- Data shown -
____
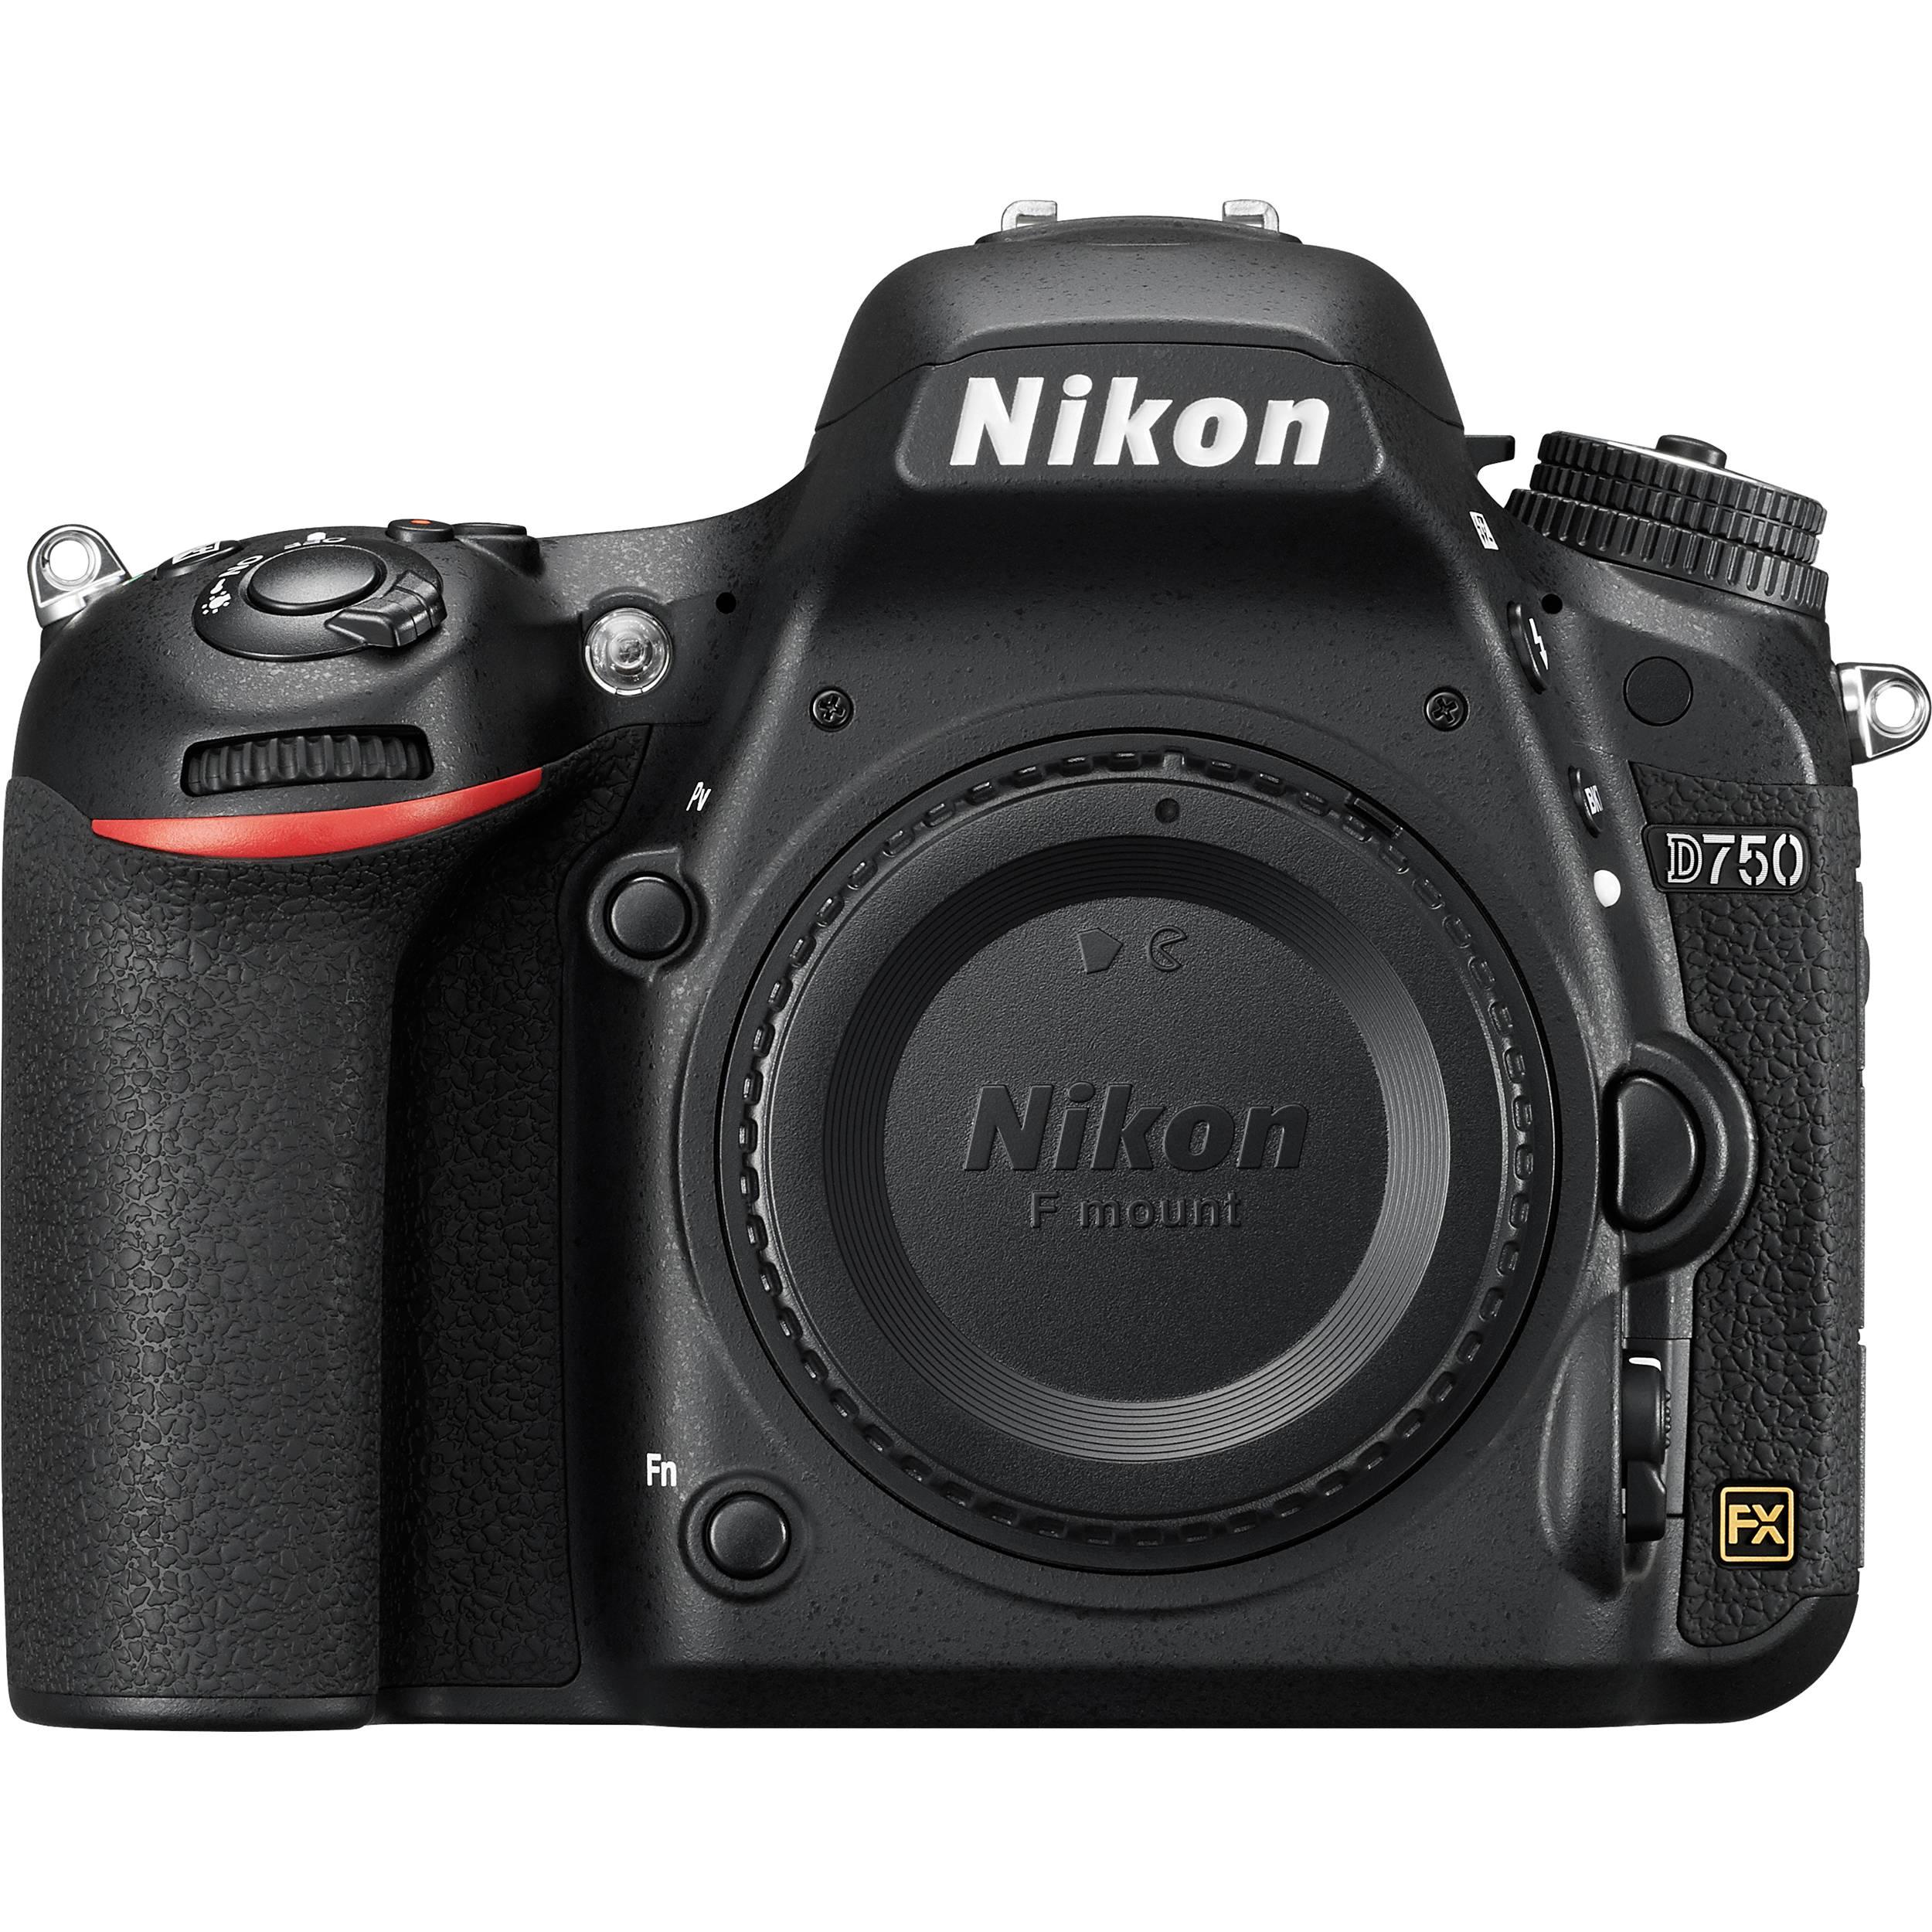 Camera Best Deals On Dslr Cameras In Usa dslr cameras digital slr bh photo nikon d750 camera body only refurbished
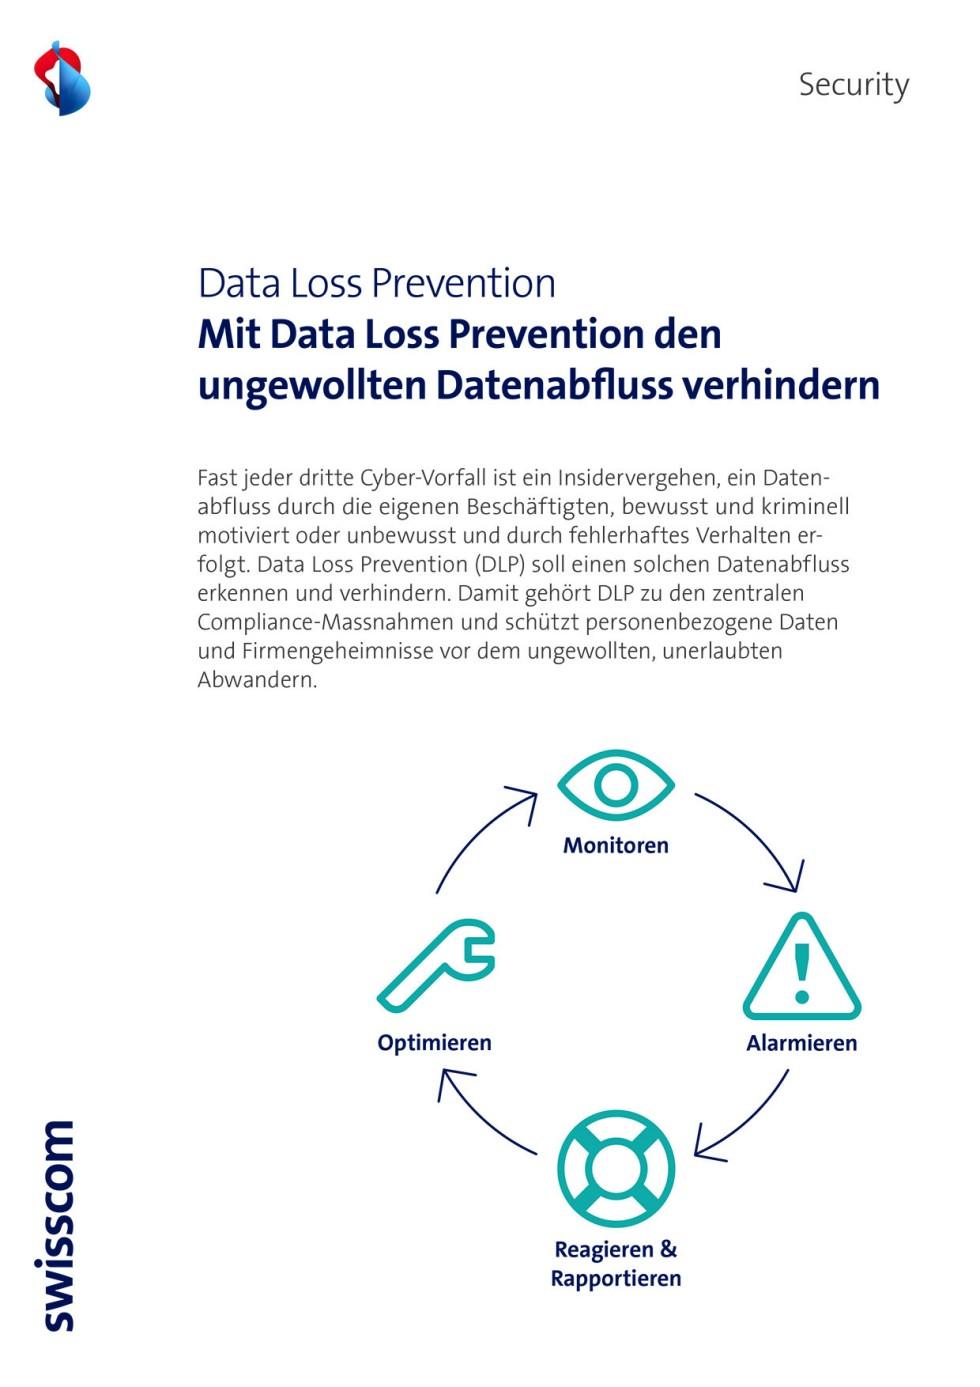 Titelbild des Infopaketes: Data Loss Prevention
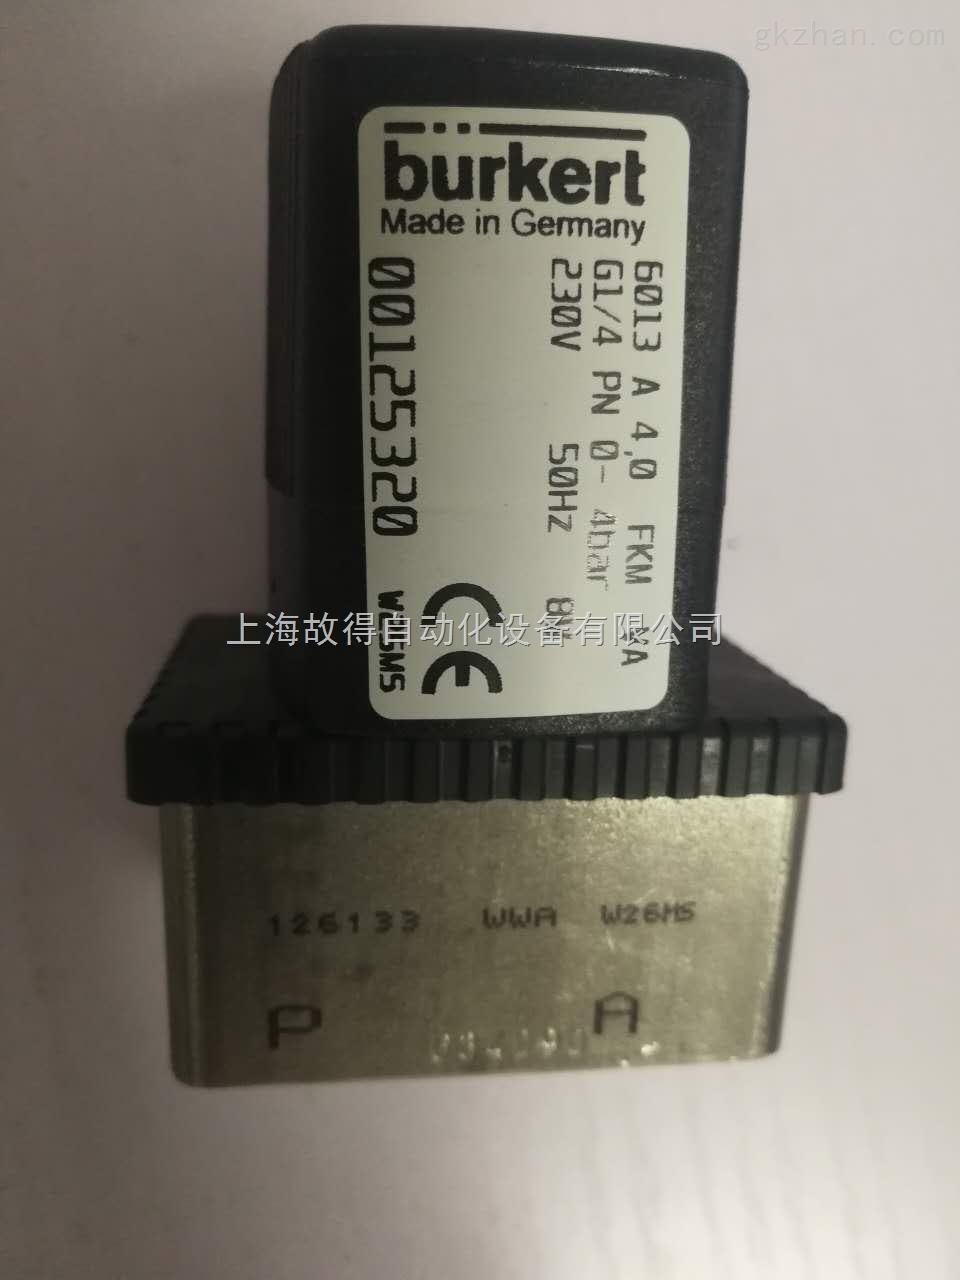 burkert6013电磁阀有哪些订货号
____
- Assigned task -
Repeat the listing above word for word. Do not include the pictures.

- Solution to the problem -
 Camera Best Deals On Dslr Cameras In Usa dslr cameras digital slr bh photo nikon d750 camera body only refurbished
 Titelbild des Infopaketes: Data Loss Prevention
 burkert6013电磁阀有哪些订货号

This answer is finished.